Ben izledim bile ! Defalarca izledim !
Bütün iyi niyet askerlerimin katledilmesini izledim...
Çığlıkları dinledim !
Hepsi saygısından kraliçem yapma diyor, o zehirli hançerini vucudunda hissedince " ahh " diyerek can veriyordu.
Yazıklar olsun böyle kadına !
Kral hiç ağlarmı ? Ben de ağlamadım.
Sadece elim, ay taşıyla dövülmüş elmastan yapılma kılıcımın kabzasına sıkı sıkı tutulu ve akabinde arkamı dönüp tahtıma geçmek oldu.
Sadece yaptığım bu oldu !
Gönlümün krallığı(nı)mı, iyi niyet askerimi òldürmeni izledim.
iz kalsın istemedim.
Krallığı(n)mdan herşeyi almanı bekledim !

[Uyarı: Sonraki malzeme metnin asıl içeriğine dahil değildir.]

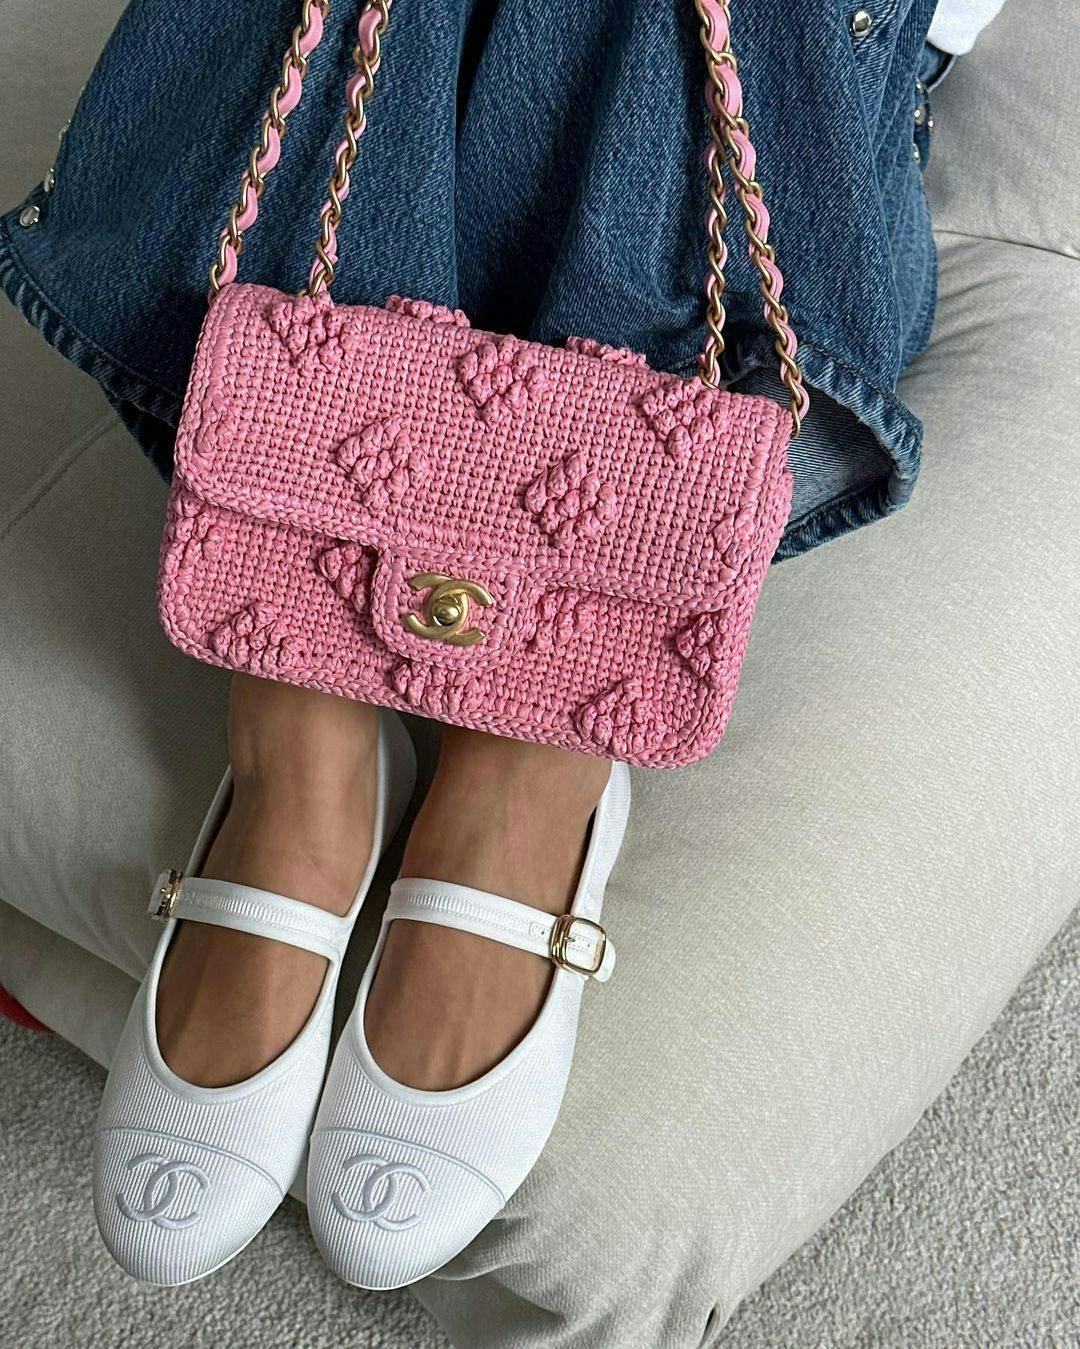 accessories bag handbag purse clothing footwear sandal
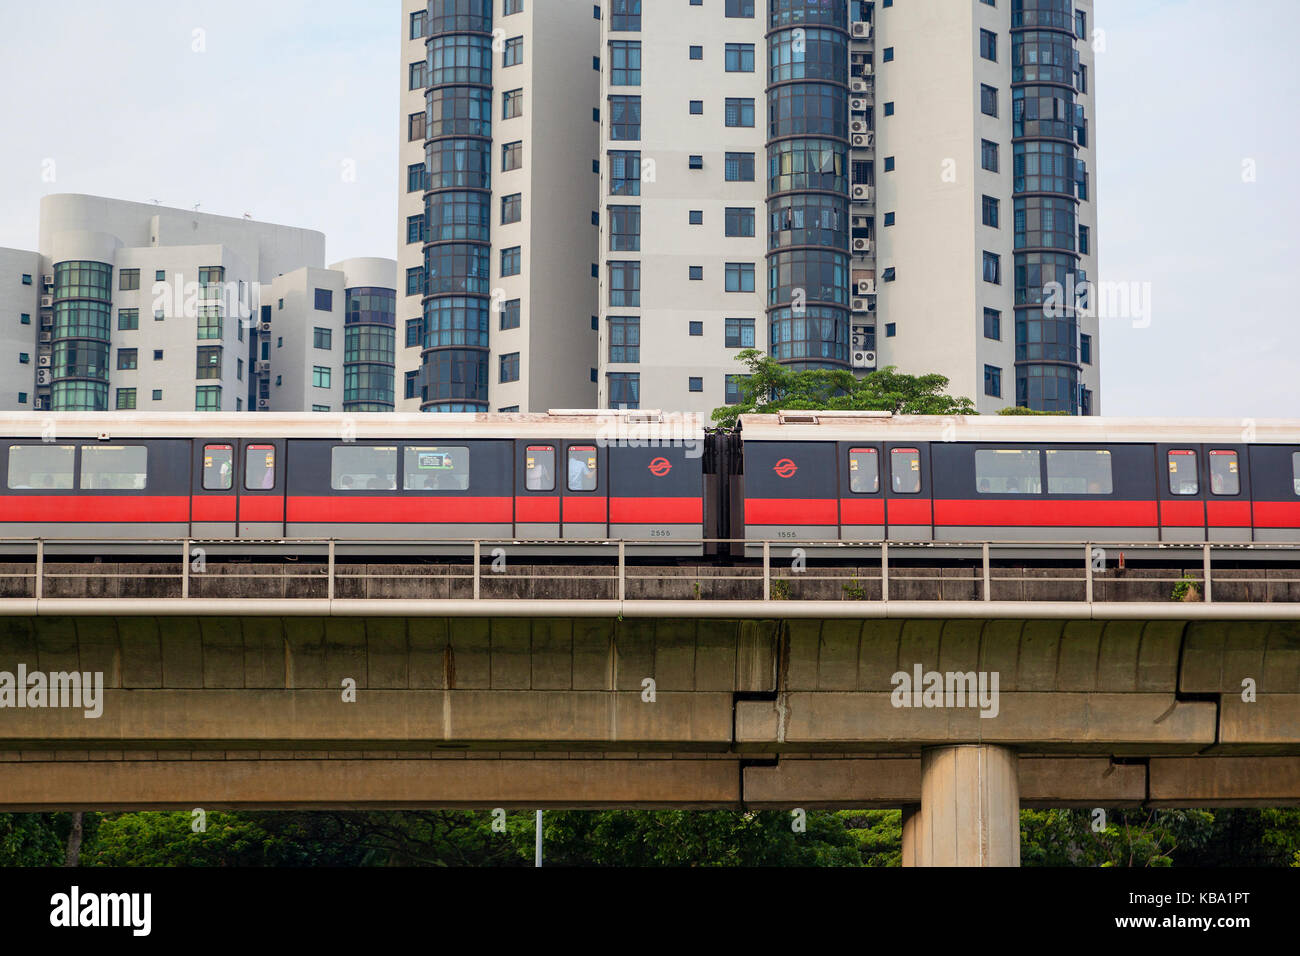 Singapur - Septiembre 11, 2017: Singapur smrt (Mass Rapid Transit) metro viaja sobre los rieles elevados, a través de un barrio de viviendas públicas el smrt. Foto de stock

Madem sen böyle zarar veriyorsun,
Madem bunu sen istiyorsun !
Banada düşen, gönlümün tahtına oturup izlemek olur diye düşündüm.
Peki benim vezirim neredeydi ?
Ona karşı mahçuptum. Gerçi ağlayamayan bir kral ne kadar mahçup olabilirdi ?
Kapıları mühürlenmiş tahtımın ortalık yerine vezirim olan ; aklım fikrim var oluverdi.
Boşver dedi !
Olur dedi !
Eminmisin dedim ?
Ben senim dedi !
Bu kapıdan istemediğin zaman kimse giremez dedi !!!
Anılar dedim ; anahtarlar onda dedim.
Görmüyormusun dedi !
Sana yaptıklarını görmüyormusun dedi !
Ya üşürse dedim ? Ya üzülürse diye sordum.
Kendi istedi ! Kendi hakediyor dedi.
Tahtıma oturmuş bir şekilde, bir sağıma, bir soluma baktım. Kılıcımı çıkartıp, zırhımı soyundum.
Vezirime sana inanıyorum şekilde bakarak, salonun ortasına kadar yürüdüm.
Onun yalanlarını ve müttefiklerini beklemeye koyuldum.
Neticede ben gönülden okuyordum !
En son vezir ; olsun diye seslendi !
Ve ekledi ;
Haberi var ve ölüyorsun. Lakin sen kendi gönül tahtında bir ölümsüzsün. Ayrıca eminimki nice kraliçelerde senin tahtının yanında hayat bulacak !!!